Our study provides a computationally non-intensive method of estimating continuous signal quality from PPG collected from the chest. This is a foundational first step in the future of open-source signal processing. This finding also has high clinical utility for applied health researchers. Devices that collect PPG from the chest may be especially relevant for cardiac monitoring of children, as existing wrist-based wearable monitors may be uncomfortable or distracting for small children, especially in free-living conditions where children are asked to wear devices over multiple days. A downfall in the field is that advances in engineering are not readily adopted in public health research. Therefore, the next steps in this process are to use the metric to identify signal quality, remove signal noise and then recover usable data. From here, HR processing using the frequency domain can potentially salvage poor signal data. These metrics will inform the processing of data from a completely open-source wearable device designed to measure HR using chest-mounted PPG signal.
Study results should be interpreted in the context of their limitations. While our sample size is consistent with the existing literature [21], we only included 11 individuals in our study. Although this sample provided thousands of data points, it is challenging to generalize and compare these results to the larger population. Our study sample comprised a relatively homogenous group, consisting of mostly healthy, active, White individuals. While the evidence regarding the impact of skin tone on PPG signal quality appears limited [48], the magnitude of this effect on the population level across health metrics is still unknown [49]. To overcome these limitations, we used two additional publicly available datasets to supplement our results. It is necessary for such research to be open-source and accessible to researchers across domains. We can improve the synergy between basic and applied scientific fields by developing and using open-source research-grade devices to gather raw signal data and then sharing that data publicly using services such as PhysioNet [23]. With more data available, the ROMA method to identify poor signals can be further validated in more diverse populations and age groups.

5. Conclusions

Poor PPG signal appears to produce inaccurate estimates of HR. The approach developed in the current study allows for two continuous measures of signal quality, which can then be used to decide if functional information still exists in the signal, if measurements should be discarded or if the results can be interpreted with caution.
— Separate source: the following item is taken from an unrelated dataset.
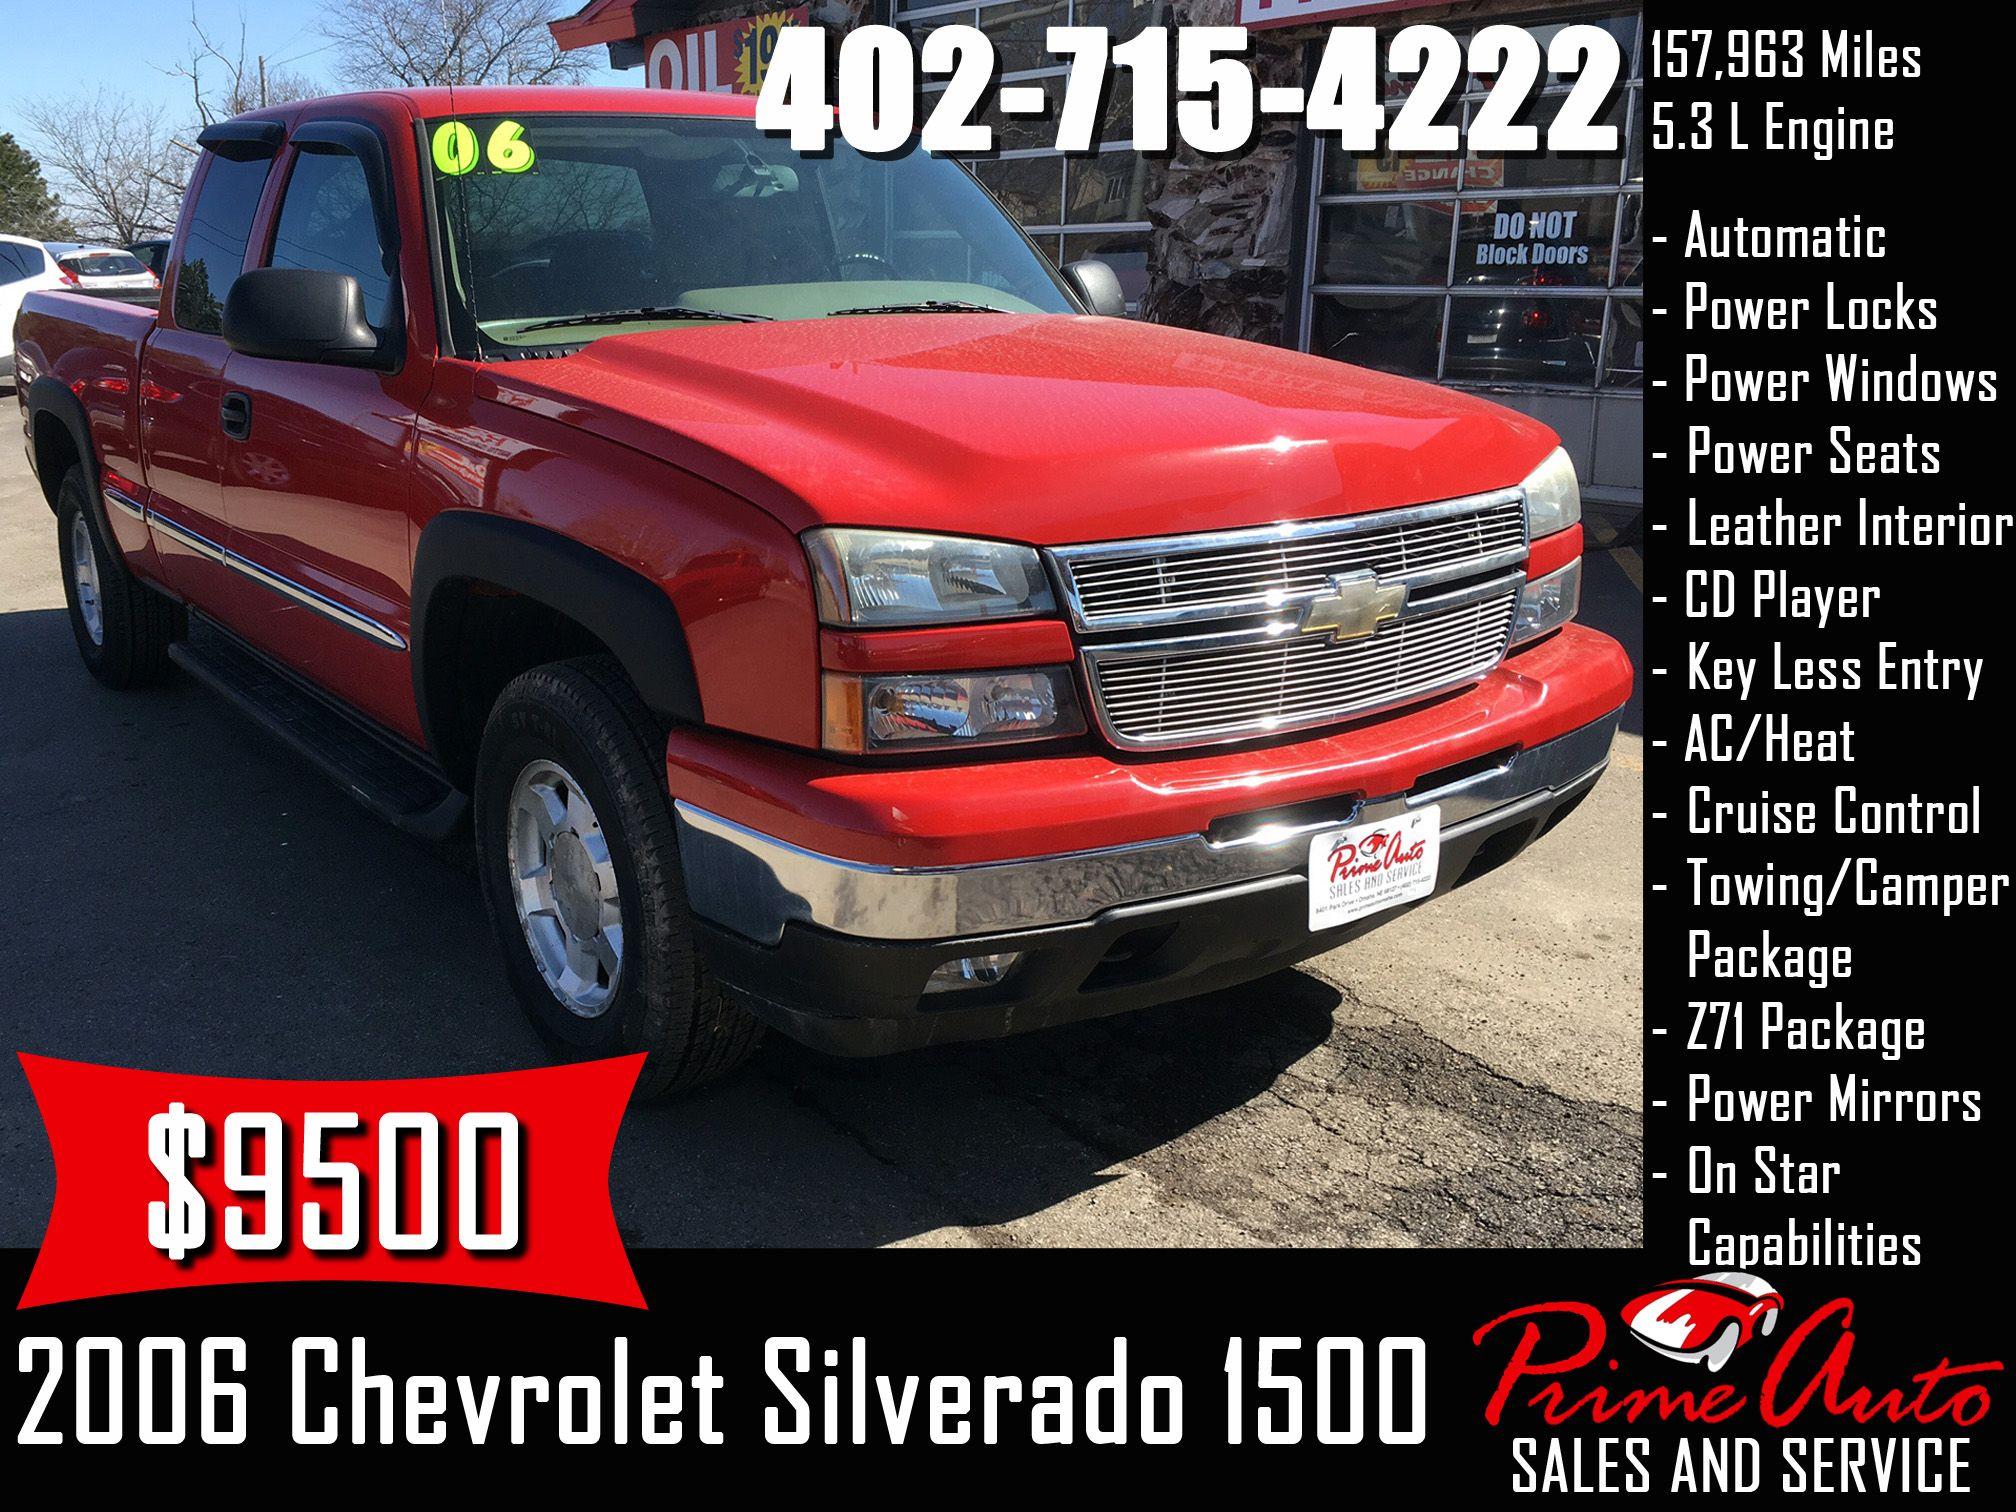 2006 Chevrolet Silverado 1500 Lt Call Us Today 402 715 4222

The level of acceptable PPG signal quality may be dependent on the ultimate use of the device. Therefore, there is a need for a collaboration between engineering and public health researchers to continually develop and refine methods to measure and assess markers of individual and population level health. By creating a fully verifiable and easy to implement method of open-source processing, the scientific community can leverage team science and joint innovation across disciplines to ultimately improve measurements of HR which have applied utility in multiple settings, including medical contexts and public health.

Author Contributions

Conceptualization: B.A., M.V.S.C. and R.G.W.; methodology: B.A., M.V.S.C. and R.G.W.; software: M.V.S.C., J.M. and B.S.; validation: B.A., B.S., M.V.S.C. and R.G.W.; formal analysis: B.A., M.V.S.C. and R.G.W.; data curation, M.K.M., H.P. and M.T.S.; writing—original draft preparation, B.A., M.K.M. and M.V.S.C.; writing—review and editing, S.B., D.W.M., R.G.W., A.L. and M.K.M.; funding acquisition, B.A., M.V.S.C., R.G.W. and A.L. All authors have read and agreed to the published version of the manuscript.

Funding

Work on this article was supported in part by the National Institute of General Medical Sciences of the National Institutes of Health for the UofSC Research Center for Child Well-Being under Award Number P20GM130420. The content is solely the responsibility of the authors and does not necessarily represent the official views of the National Institutes of Health. Work on this article was supported in part by the National Institute of Diabetes and Digestive and Kidney Diseases under Award Number R21DK131387.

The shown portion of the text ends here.